Solía pensar que aceptar un trabajo como conductor de una viuda rica no sería más que una manera de mantener la comida en la mesa y las luces encendidas para mis tres hijos.
No tenía idea de que llevaría a una de las experiencias más dolorosas y significativas de mi vida
La evidencia de mi situación me esperaba cada mañana en la mesa de la cocina.
Una factura de electricidad atrasada. Otro aviso amenazando con cargos por retraso. Una mancha de café que se extiende por el sobre. A su lado, un lápiz que dibujaba a mi hija Lily había hecho de nuestra pequeña familia de pie con orgullo frente a una casa que no poseíamos.
Cuando eres un padre soltero con tres hijos y el alquiler sigue aumentando más rápido que tu cheque de pago, el orgullo se convierte en algo que no puedes pagar.
Así fue como yo, Stan, de treinta y cinco años y constantemente agotado, terminé trabajando para la Sra.
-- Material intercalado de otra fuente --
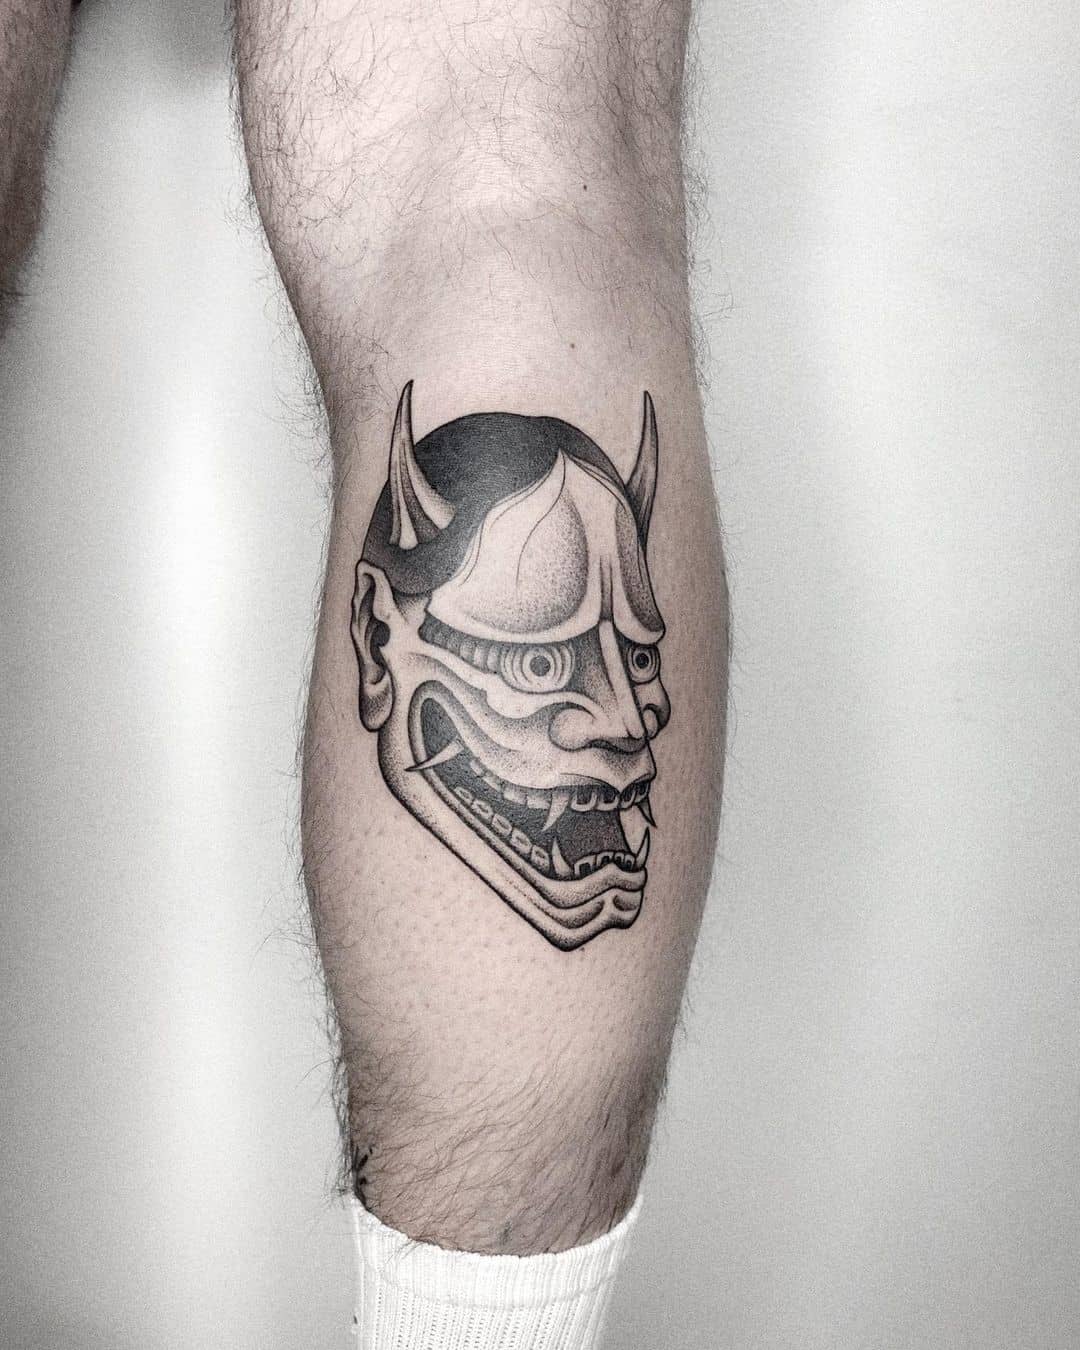 Idea del tatuaje de la pantorrilla del demonio

Whitmore.
Era una viuda rica en sus setenta años que vivía detrás de puertas de hierro y en una mansión más grande que cualquier edificio que alguna vez había llamado hogar.
Esperaba que estuviera distante.
En cambio, ella me sorprendió.
En mi primer día, descendió la escalera de mármol lentamente, con perlas descansando elegantemente contra su cuello. Cuando me alcanzó, extendió su mano con un calor genuino.
– Debes ser Stanley.
“Stan, señora. Sólo Stan.”
“Entonces Stan lo es”, dijo con una sonrisa. “Espero que seas paciente. Me muevo más lento en estos días”.
A partir de ese momento, mis suposiciones desaparecieron.
Durante varias semanas, mis responsabilidades fueron simples.
La llevé a citas médicas, eventos de caridad, almuerzos con viejos amigos y todos los viernes al cementerio donde fue enterrado su esposo Arthur.
Ella nunca lloró en su tumba.
En cambio, ella le habló suavemente, como si estuviera sentado a su lado.
Con el tiempo, empezó a hacer preguntas.
“¿Cuántos años tienen tus hijos, Stan?”
“Siete, cinco y dos”.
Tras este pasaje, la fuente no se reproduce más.